## Work instructions
What you write should be an exact repeat of the lines from the one with "Cottage garden with" through the final line below, minus the pictures.

====== Data

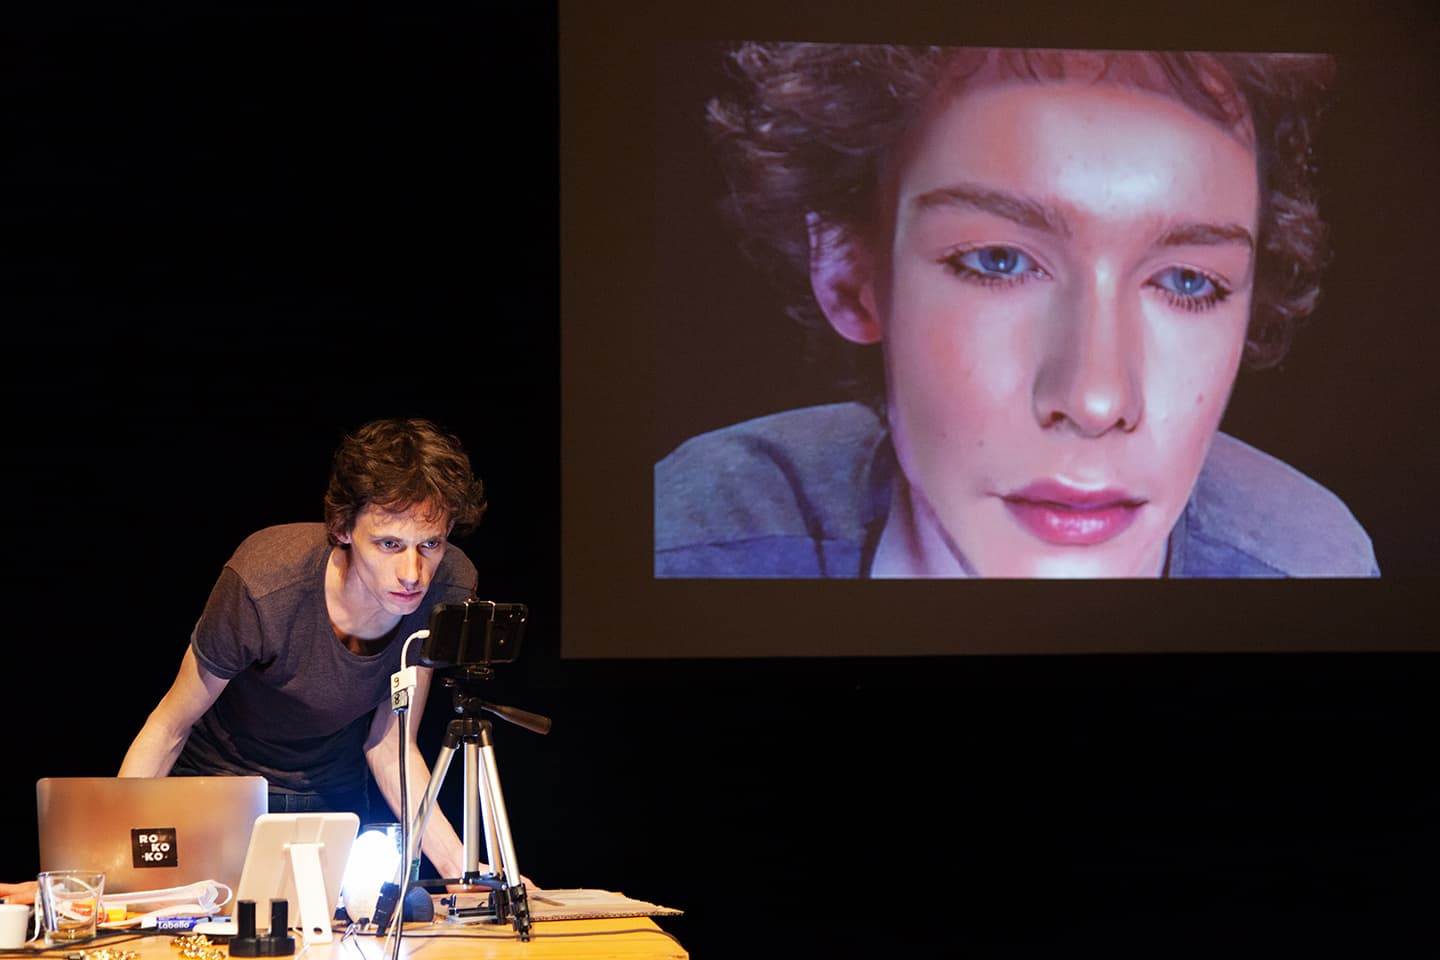 Simon Senn with laptop, microphone and audiovisual equipment at desk. Face of woman, digitally superimposed, on large screen behind him, in the performance Be Arielle F
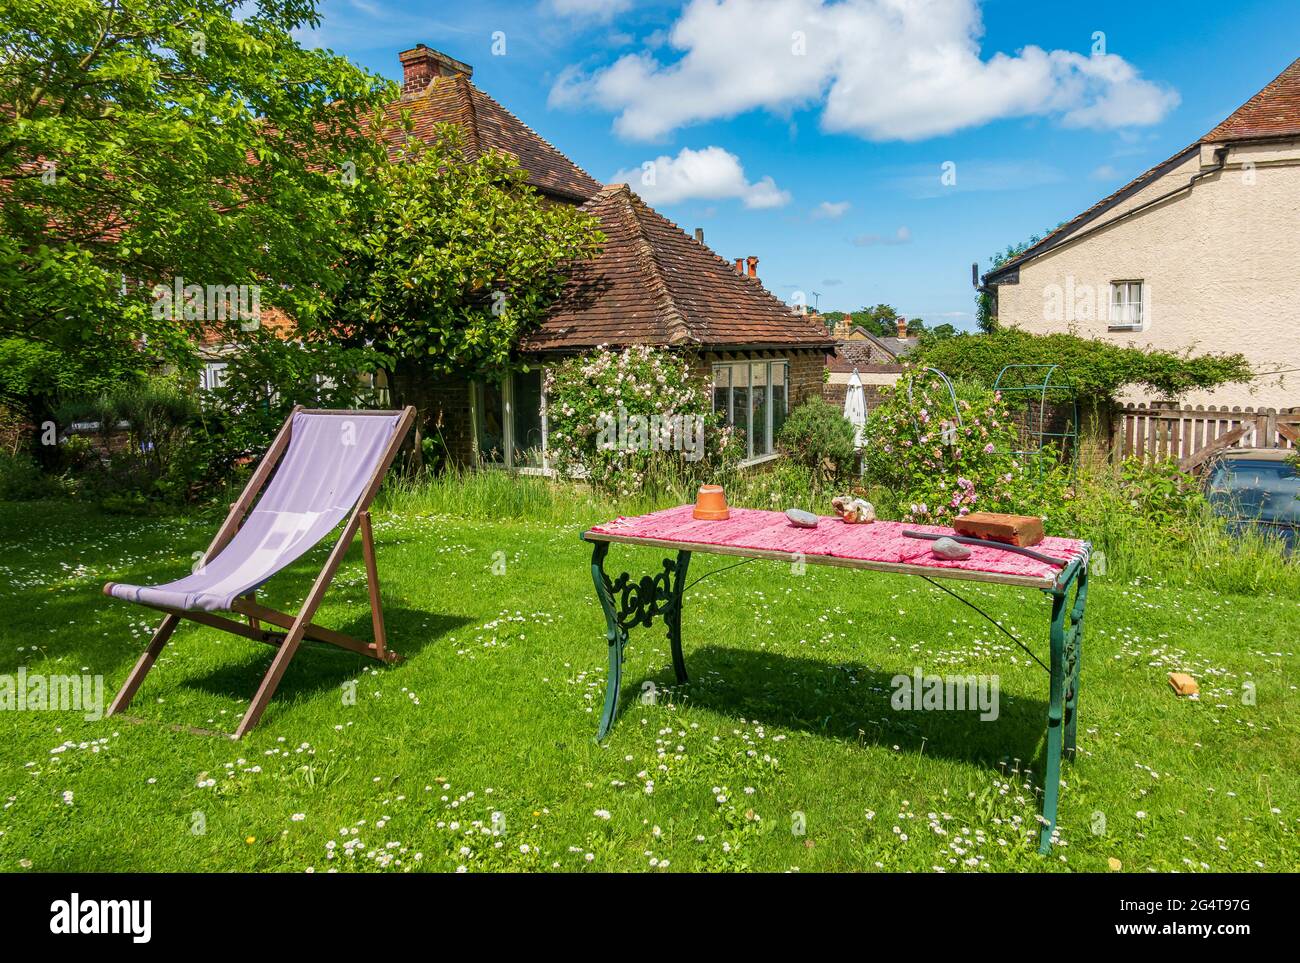 Cottage garden with deckchair and daisies in the lawn, Kent, UK Stock Photo
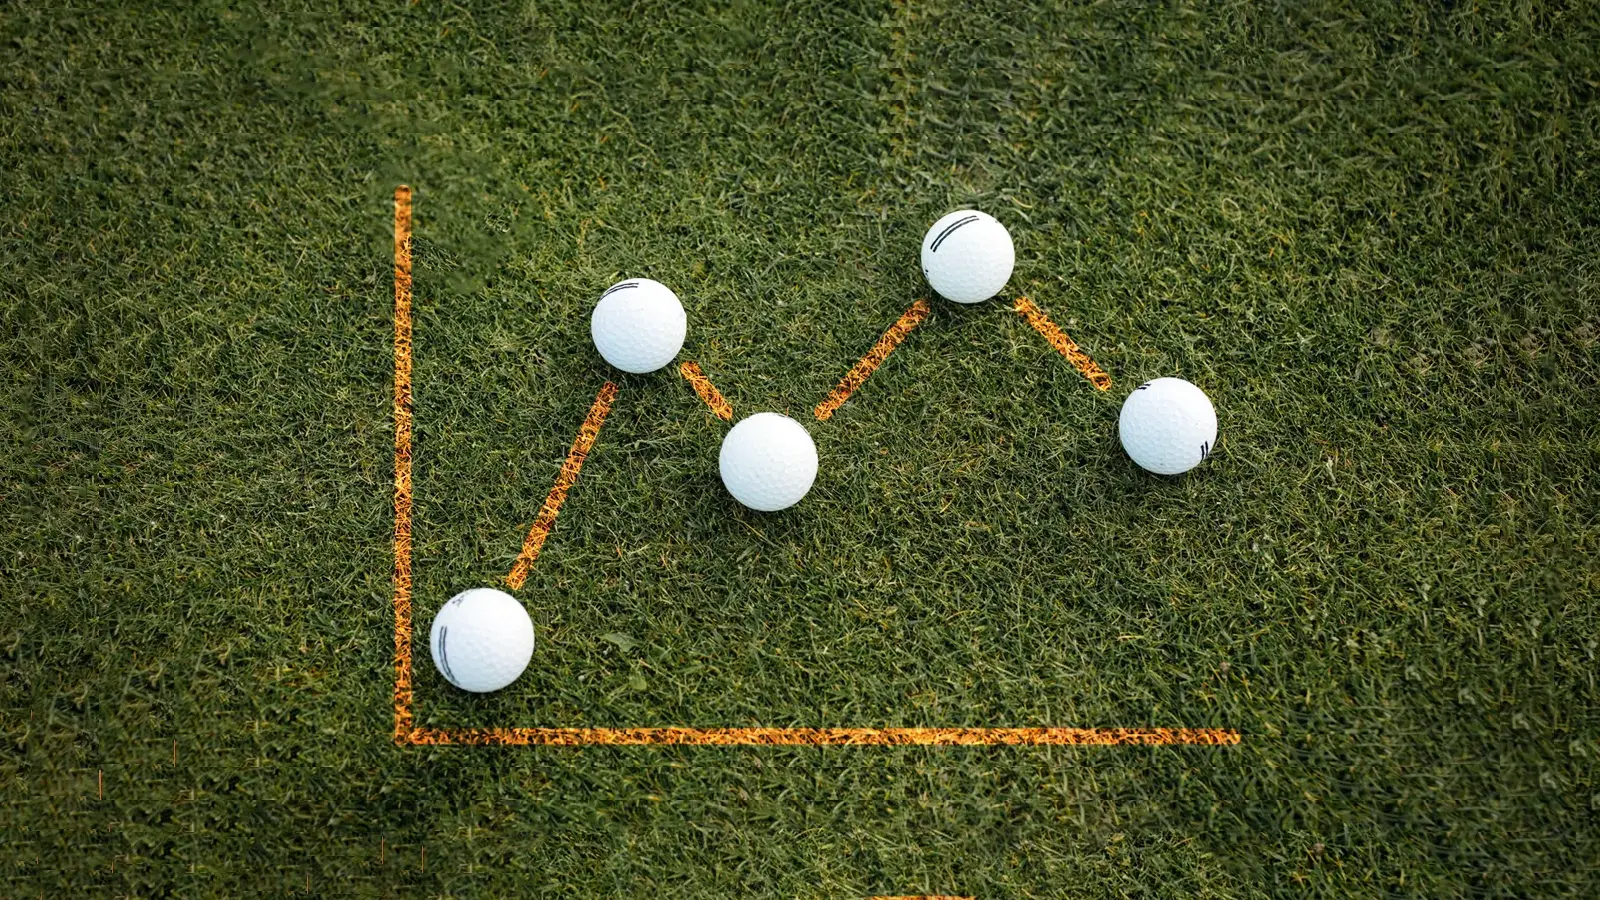 Four white golf balls lined up on the grass in the form of points on a graph

============

## Task answer
 Cottage garden with deckchair and daisies in the lawn, Kent, UK Stock Photo
 Four white golf balls lined up on the grass in the form of points on a graph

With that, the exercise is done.